Should You Get Tested?

Asymptomatic cases are even more risky than those who exhibit obvious symptoms of a person who has contracted an STI. Apparently, those who don’t experience any symptoms aren’t compelled to schedule a medical checkup of their reproductive health or get tested for any STI. Unknowingly though, they may be spreading the disease or they may suffer irreversible damage in their reproductive system when chlamydia or other less serious STI is left untreated.

So, who should get tested?

  • If you experience obvious symptoms of an STI.

Common symptoms of an STI include unusual odorous discharge from the genitals, bleeding after sexual intercourse or between periods, swelling, itching or burning sensation around the genital or rectal area, painful urination, abdominal pain, and fever.

  • Individuals who have previously engaged in a morally loose lifestyle.

If you have previously engaged in a morally loose lifestyle such as having multiple sexual partners, you should get yourself tested of chlamydia and other STIs. The more sexually active a person is with multiple partners, the more he becomes vulnerable to bacteria, viruses, and parasites that are sexually transmitted.

  • Couples who are thinking of taking their relationship to a more serious level.

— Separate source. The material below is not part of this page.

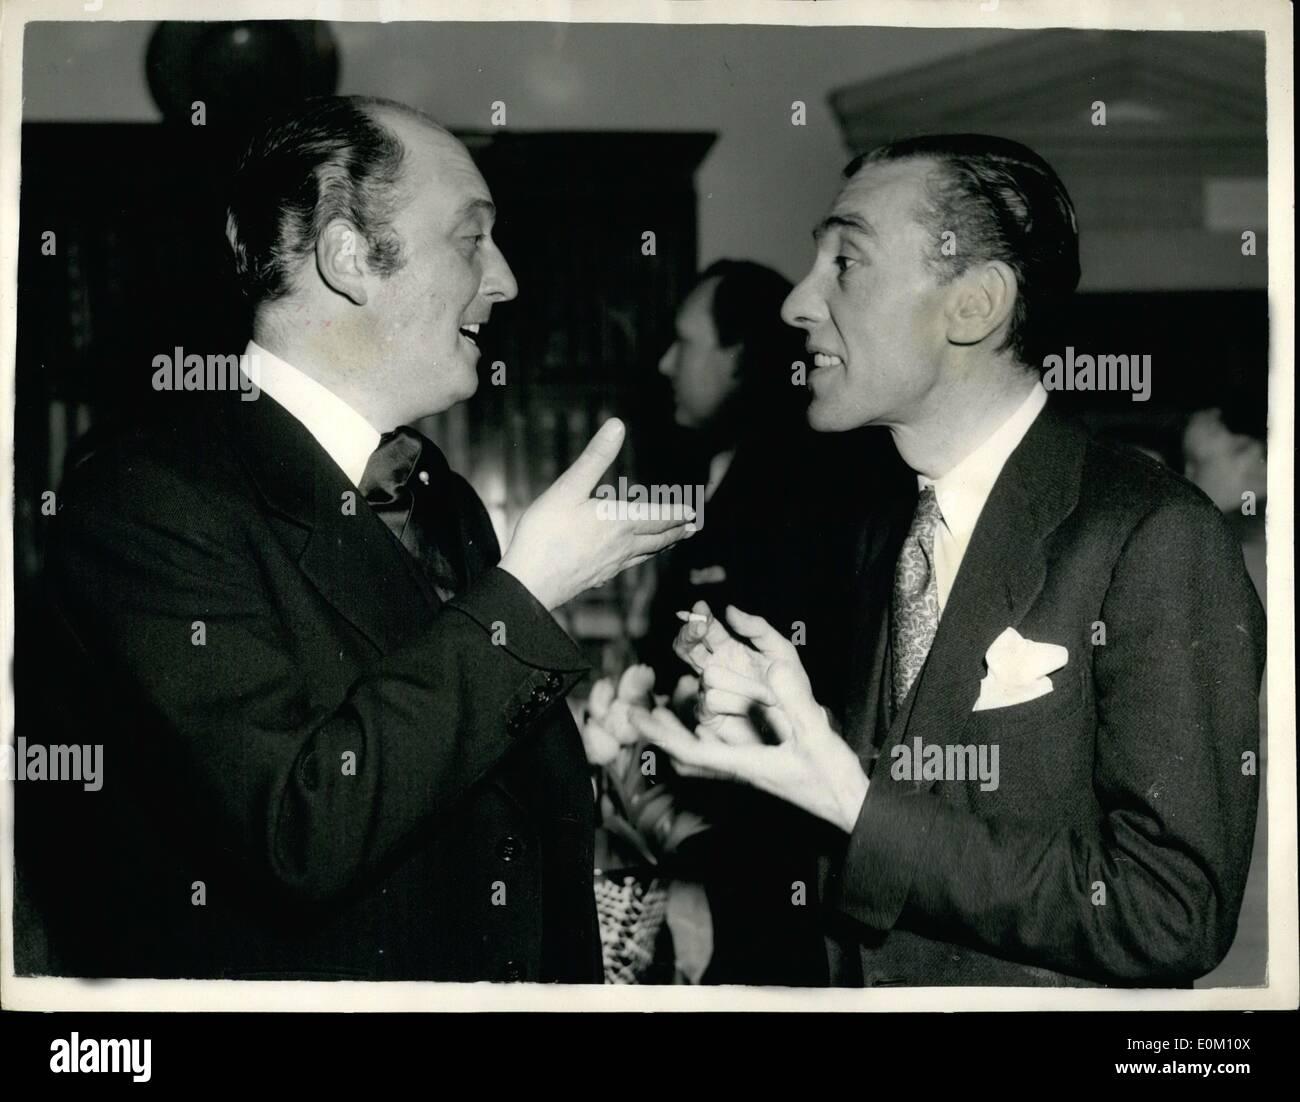 Jan 01 1953 Fashion Soiree To Designers Lady Kenneth Clark Stock Photo Alamy

Does it matter to get tested even if you and your partner agree to get married and be faithful to each other throughout your entire lifetime together? This can be essential. Though each of you might be confident that you are free from any of those infections, having yourselves undergo testing shows your concern and commitment to your significant other’s health and welfare. This action can foster trust and security that are both essential in the foundation of a loving and thriving relationship.

Moreover, making sure that both of you are free from any STD, makes your marriage a secure and ideal place to raise healthy children in the future.

  • Pregnant women.

As mentioned earlier, chlamydia and other types of STIs can lead to serious consequences and complications when left untreated, especially for pregnant women. Chlamydia can infect the eyes of a newborn baby, causing conjunctivitis and blindness. Mothers who have been infected of other STDs may suffer from premature labor and stillbirths. This is why pregnant women should have themselves tested for any STIs at the start of their pregnancy.

Home Test Kits are Conveniently Accessible

If you fall under any of those categories mentioned above, it’s time you get yourself tested. Nowadays, it’s so easy and convenient to do so. You don’t have any reason to hesitate and postpone it. Home test kits for chlamydia and other STIs eliminate the need to set an appointment at the doctor’s office. Most of all, it’s more private and the result is confidentially revealed. Read more about that here.

All you have to do is to order a test kit online. Then, once you get the test kit, read and follow the instructions carefully. Prepare the bodily specimen or swab that is needed. Then, once the sample is ready, it will be sent to the laboratory for testing. You will get your result via email or through a private access to the website. That easy.

Early detection is key to avoiding the serious impact of STIs to your reproductive health. However, you don’t have to suffer any of these if you uphold high moral standards, be faithful to your marriage partner, or stay single for the rest of your life. The last option sounds unlikely for you? Then, the first and second are non-negotiable.


Chlamydia trachomatis can be treated by taking antibiotic. It can either be a one-time dose, or you might need to take it once daily or you even multiple times a day for five to ten days.

In most cases, the infection can treated within one to two weeks. While getting treated, you should abstain from sex. It is also best that your sexual partner or partners get the treatment even they don’t show signs or symptoms of having chlamydia. If not, it is likely that the infection will be passed on back and forth.